• **EXERCISE INSTRUCTIONS**
The copy you give must match the listing below exactly and contain no pictures.

• **SUPPLIED MATERIAL**
═══

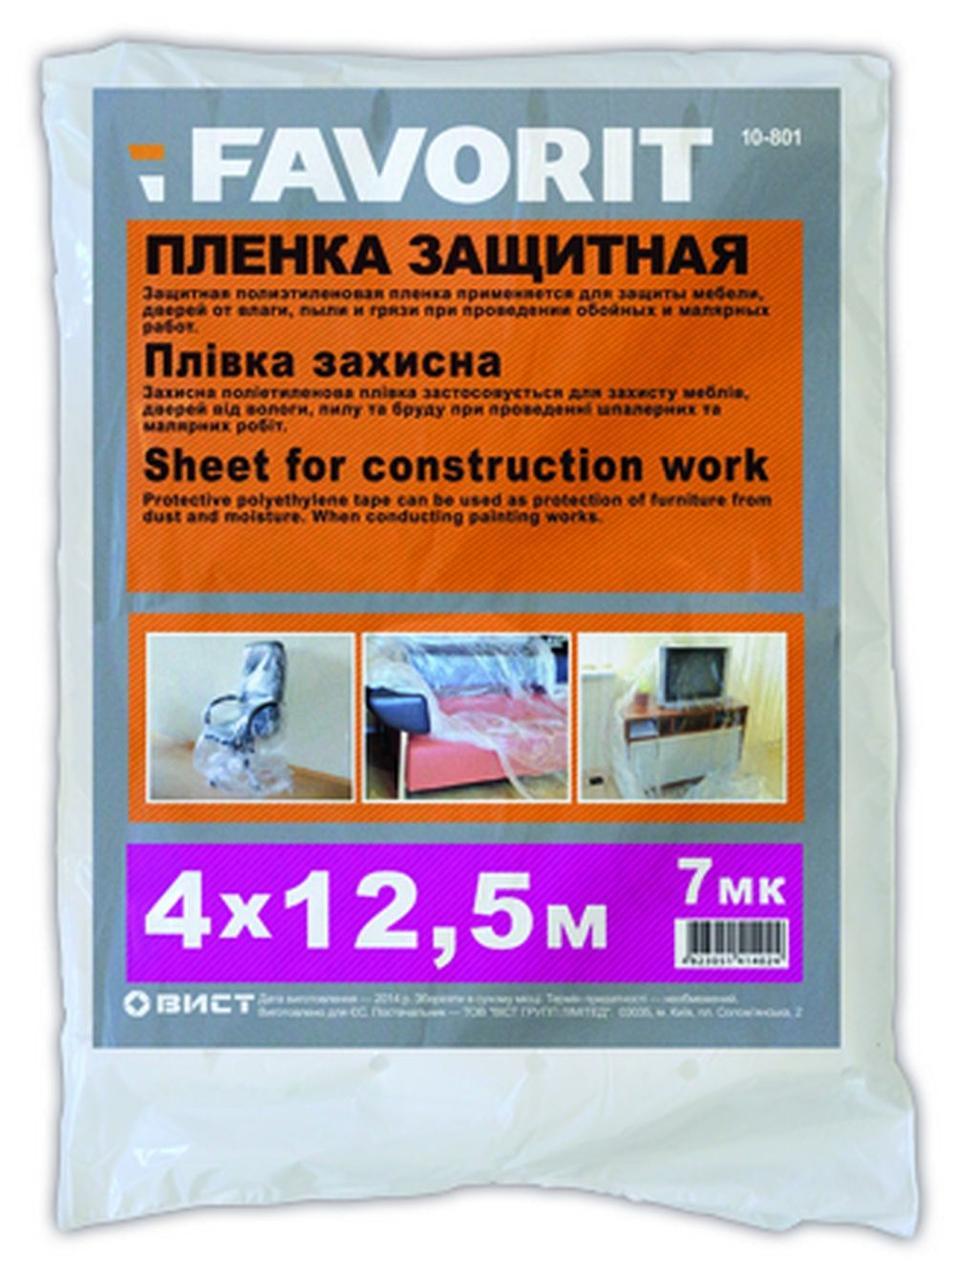 Пленка защитная 4х12,5м 7мкн
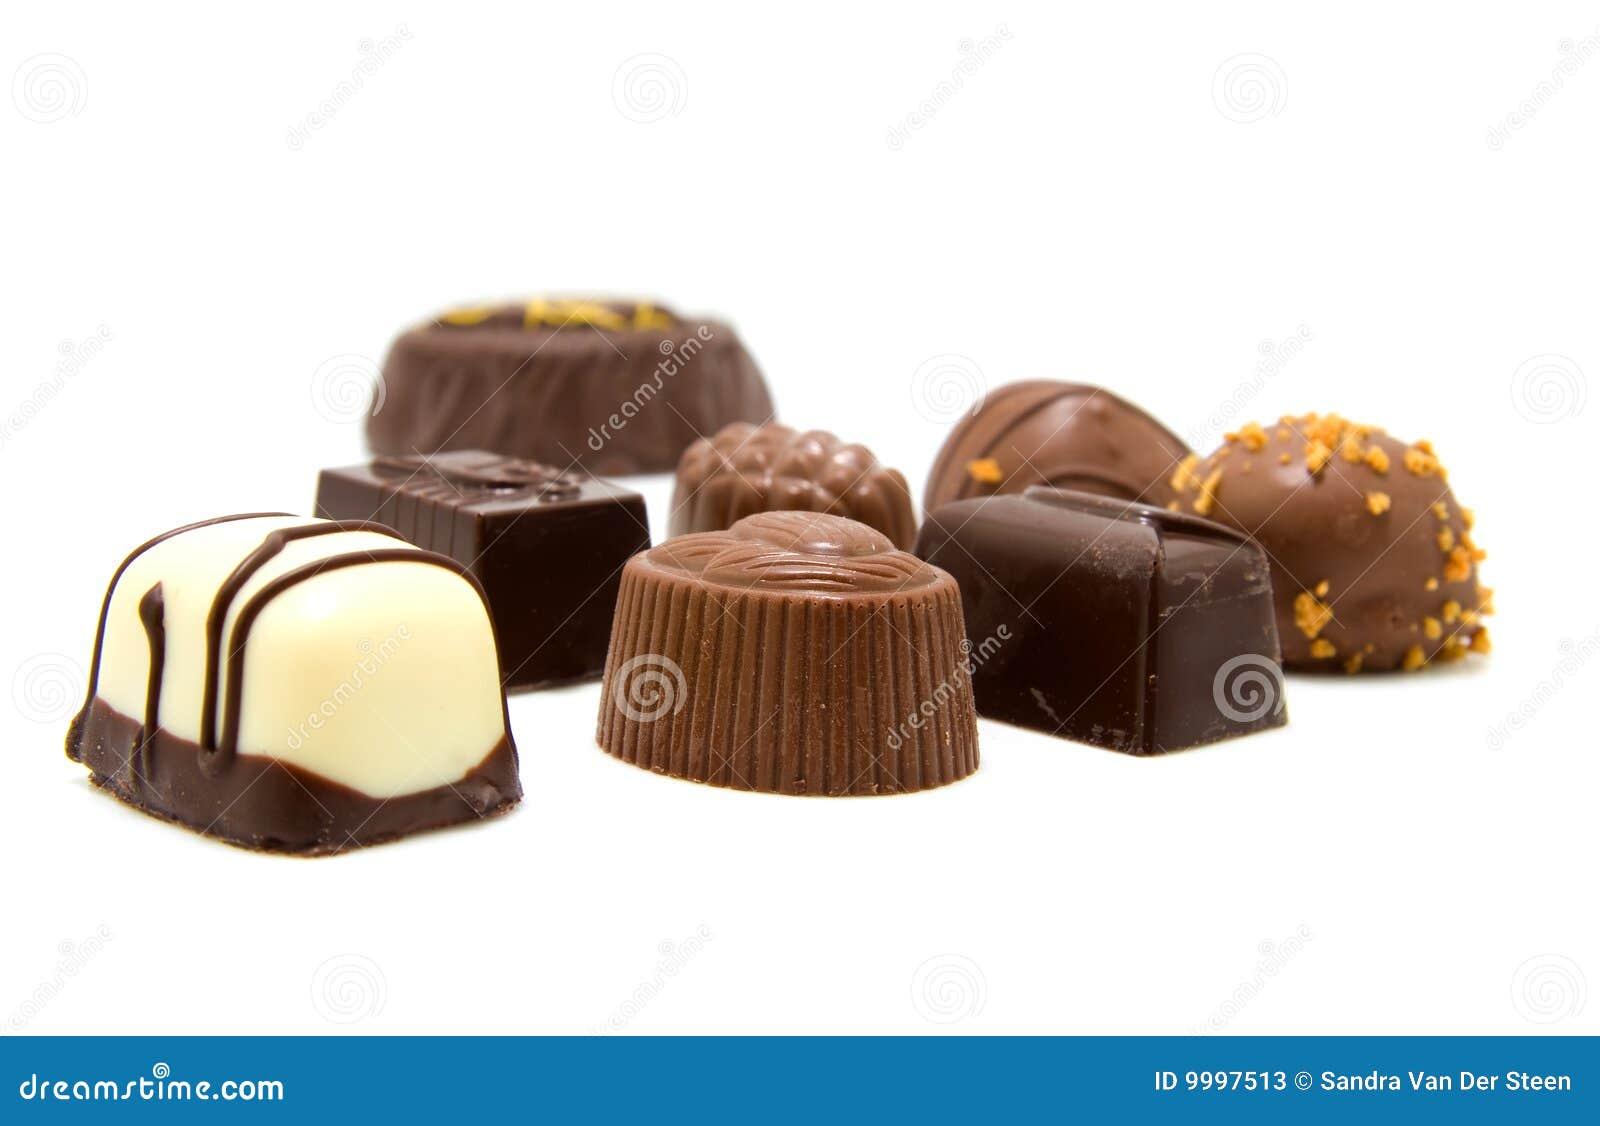 Chocolate Bonbons Stock Photos - Image: 9997513
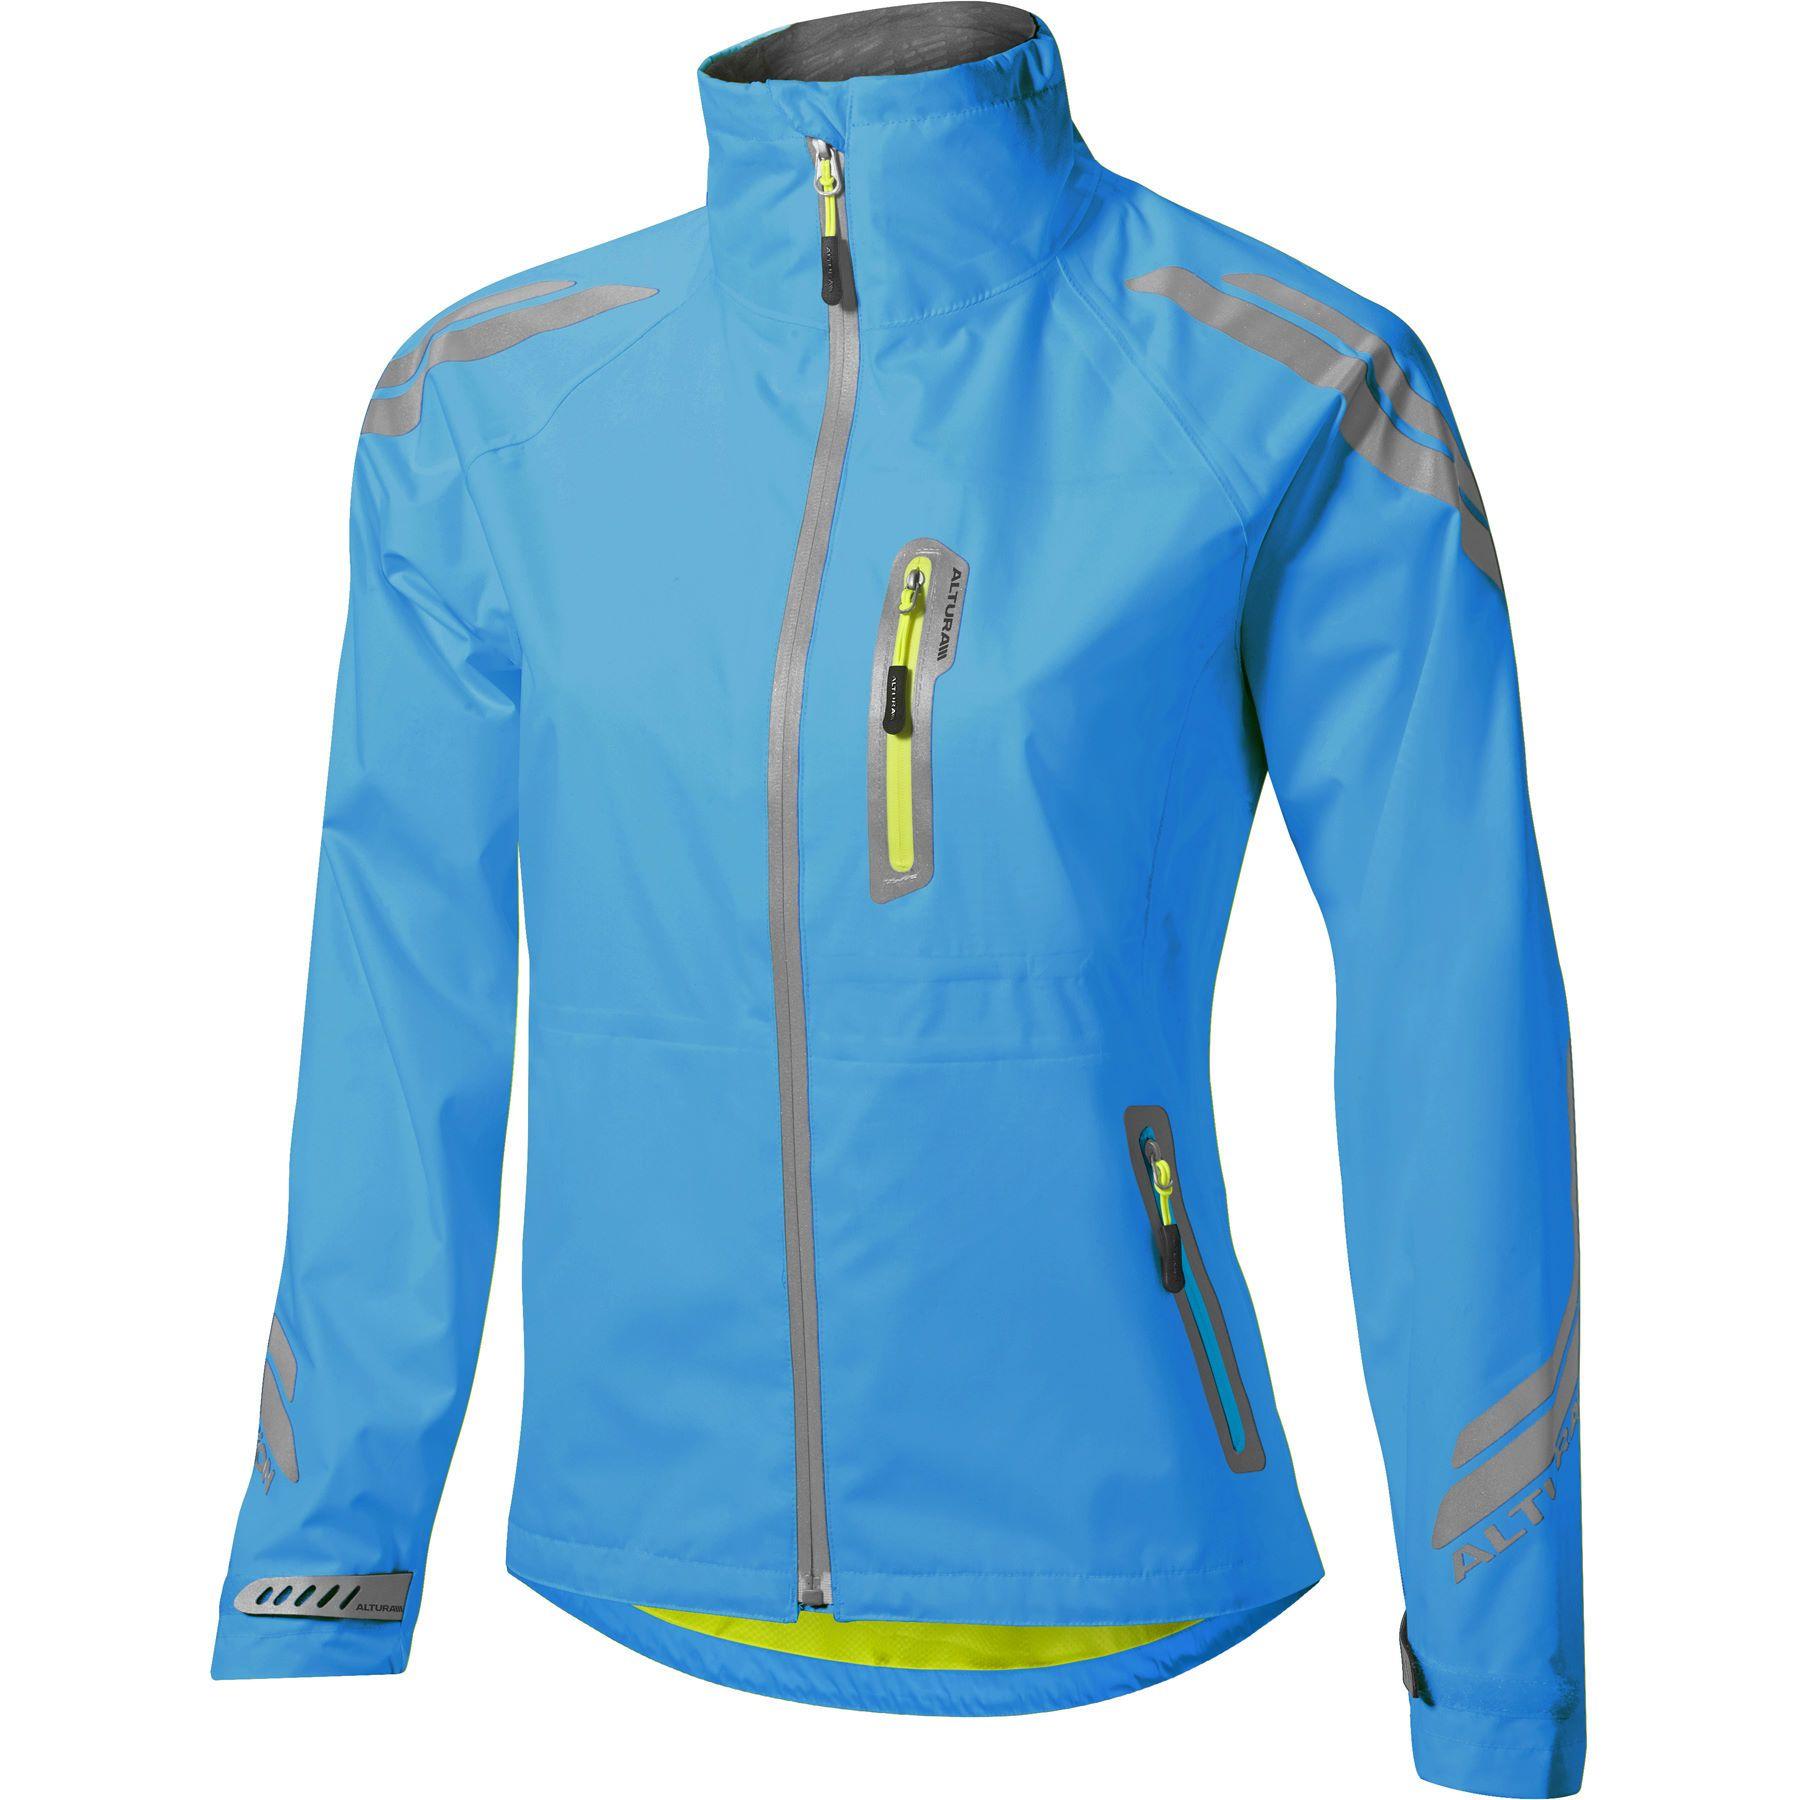 Women'S Waterproof Running Jacket | Jackets Review

═══

• **RESULT FOR THIS TASK**
 Пленка защитная 4х12,5м 7мкн
 Chocolate Bonbons Stock Photos - Image: 9997513
 Women'S Waterproof Running Jacket | Jackets Review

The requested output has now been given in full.